2. charge extra_people. 
3. offer better services, such as more chances of having Shampoo, Hair Dryer, Fire_Extinguisher, First Aid Kit, 24-Hour Check-in, cancellation_policy_moderate, Safety Card, Breakfast, Free Parking on Premises, Indoor Fireplace
4. be more pet friendly.
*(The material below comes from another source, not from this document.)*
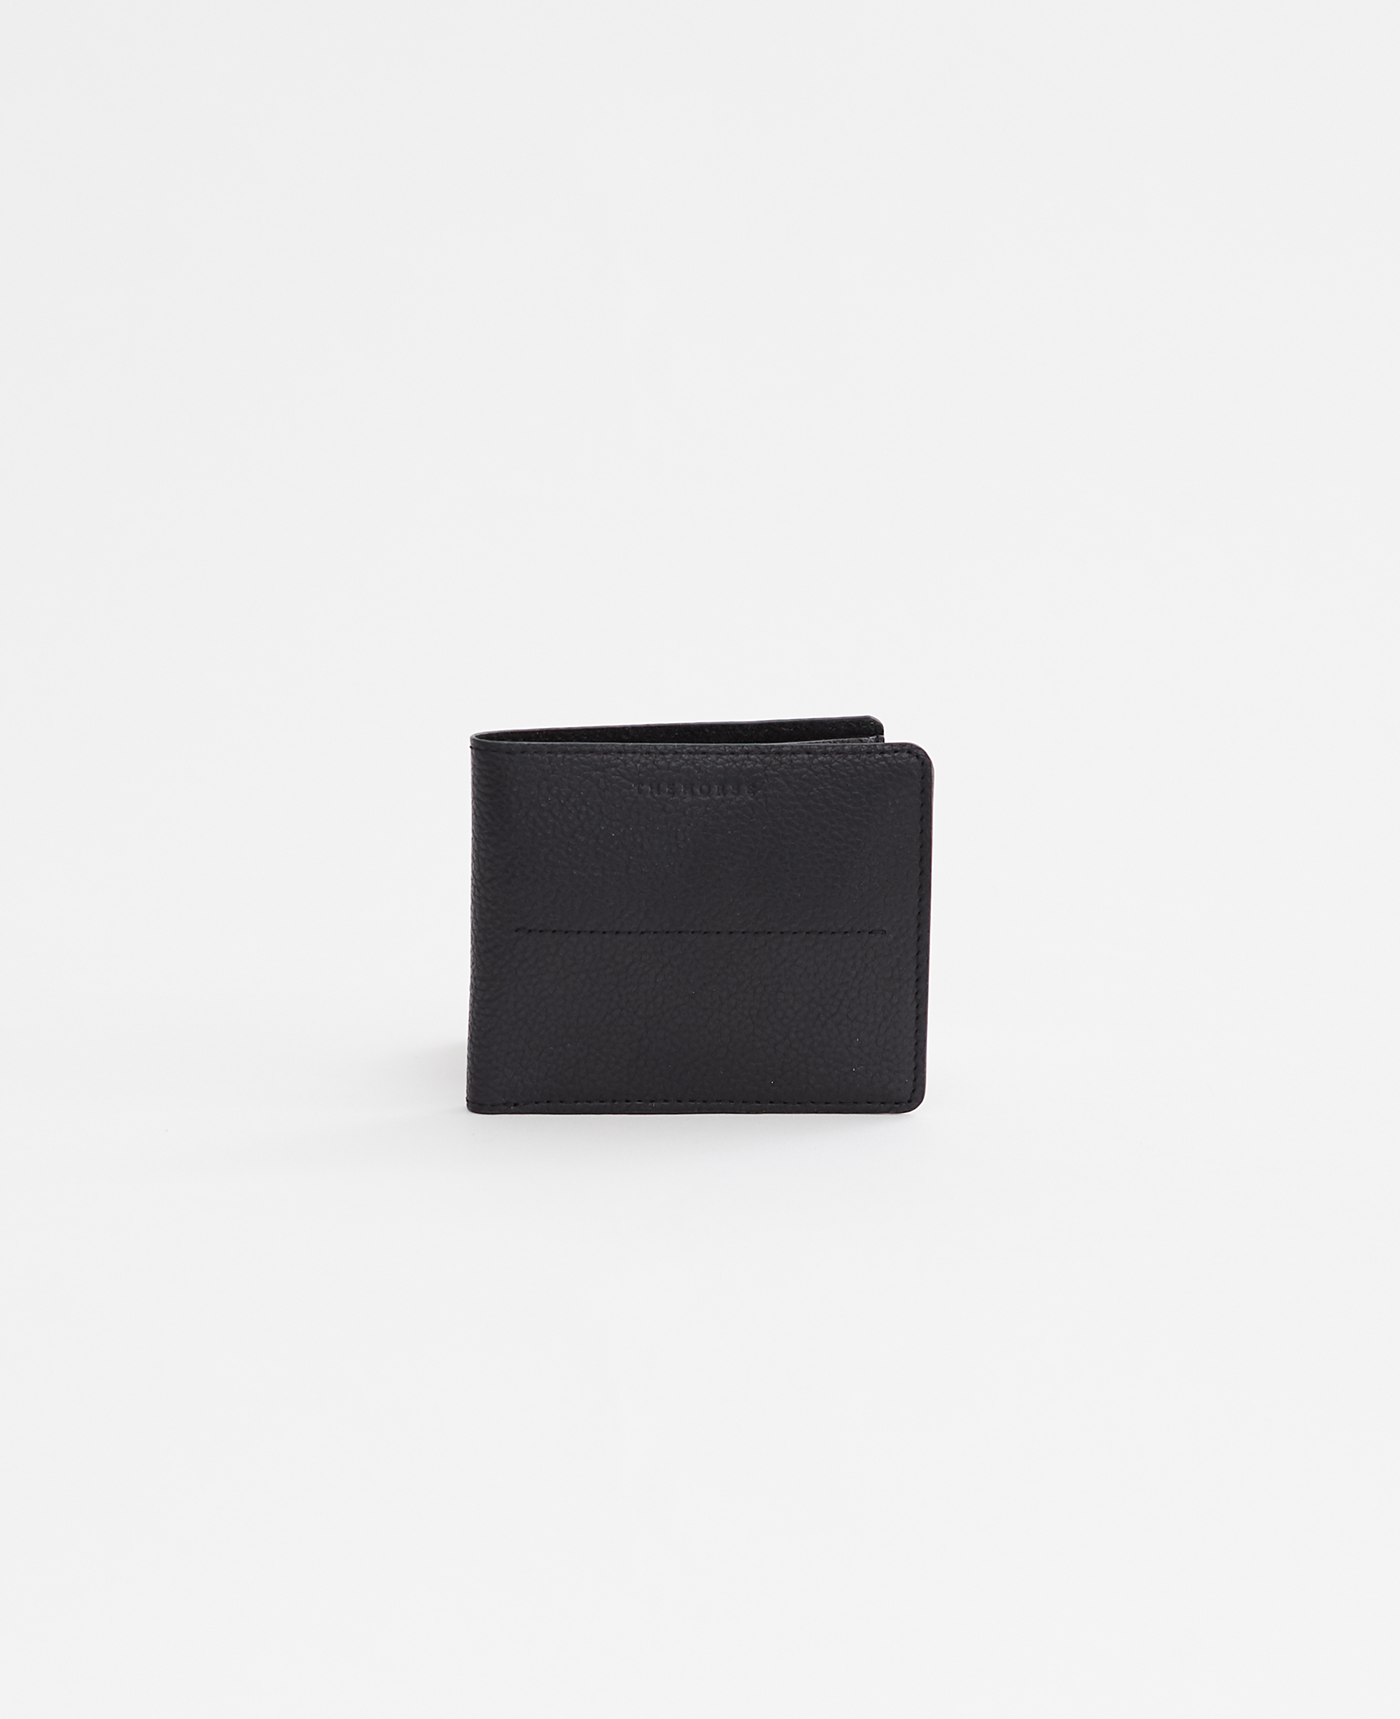 Barney Bi-fold Leather Wallet With Coin Pocket in Black by The Horse

They tend to have Dogs, Cat(s), Other Pet(s), Pets live on this property.
5. require security_deposit, and guest_profile_picture.
6. have more chances to offer Houses.

### 1.3 Compare superhost vs regular_host in Seattle

In [44]:
df_seattle_groupby_host = df_seattle.groupby(['host_is_superhost_t']).mean().T.reset_index()
df_seattle_groupby_host.rename(columns={'index':'column', 0:'regular_host', 1:'superhost'}, inplace=True)

df_seattle_groupby_host['host_diff_%'] = (df_seattle_groupby_host.superhost - df_seattle_groupby_host.regular_host)\
                                        /df_seattle_groupby_host.regular_host*100

df_seattle_groupby_host[(df_seattle_groupby_host['host_diff_%']>30) & 
                        (~df_seattle_groupby_host.column.str.startswith('neighbourhood'))]\
                        .sort_values(by='superhost', ascending=False)

host_is_superhost_t,column,regular_host,superhost,host_diff_%
25,reviews_per_month,1.865071,2.945044,57.905165
11,extra_people,0.435847,0.569767,30.726612
41,amenity_First Aid Kit,0.409722,0.556848,35.908553
56,amenity_Pets live on this property,0.210979,0.310078,46.970912
58,amenity_Safety Card,0.169643,0.270026,59.173127
44,amenity_Hair Dryer,0.189153,0.254522,34.558465
181,instant_bookable_t,0.13955,0.21447,53.686763
27,amenity_24-Hour Check-in,0.151124,0.200258,32.51234
34,amenity_Dog(s),0.119048,0.186047,56.27907
185,require_guest_phone_verification_t,0.082672,0.157623,90.660465


### discussion
In Seattle, compared to regular hosts, superhosts tend to:
1. have more reviews_per_month.
2. charge extra_people. 
3. offer better services, such as more chances of having Doorman, Safety Card, First Aid Kit, Hair Dryer, instant_bookable, 24-Hour Check-in etc.. 
4. be more pet friendly. They tend to have Dogs, Cat(s), Pets live on this property, 
5. require guest_profile_picture and guest_phone_verification.
6. have more chances to offer exotic property types, such as Yurt, Cabin, Treehouse, Camper/RV, Loft etc.. Keep in mind though, the overall number of superhosts offering these kinds of property types are slim though.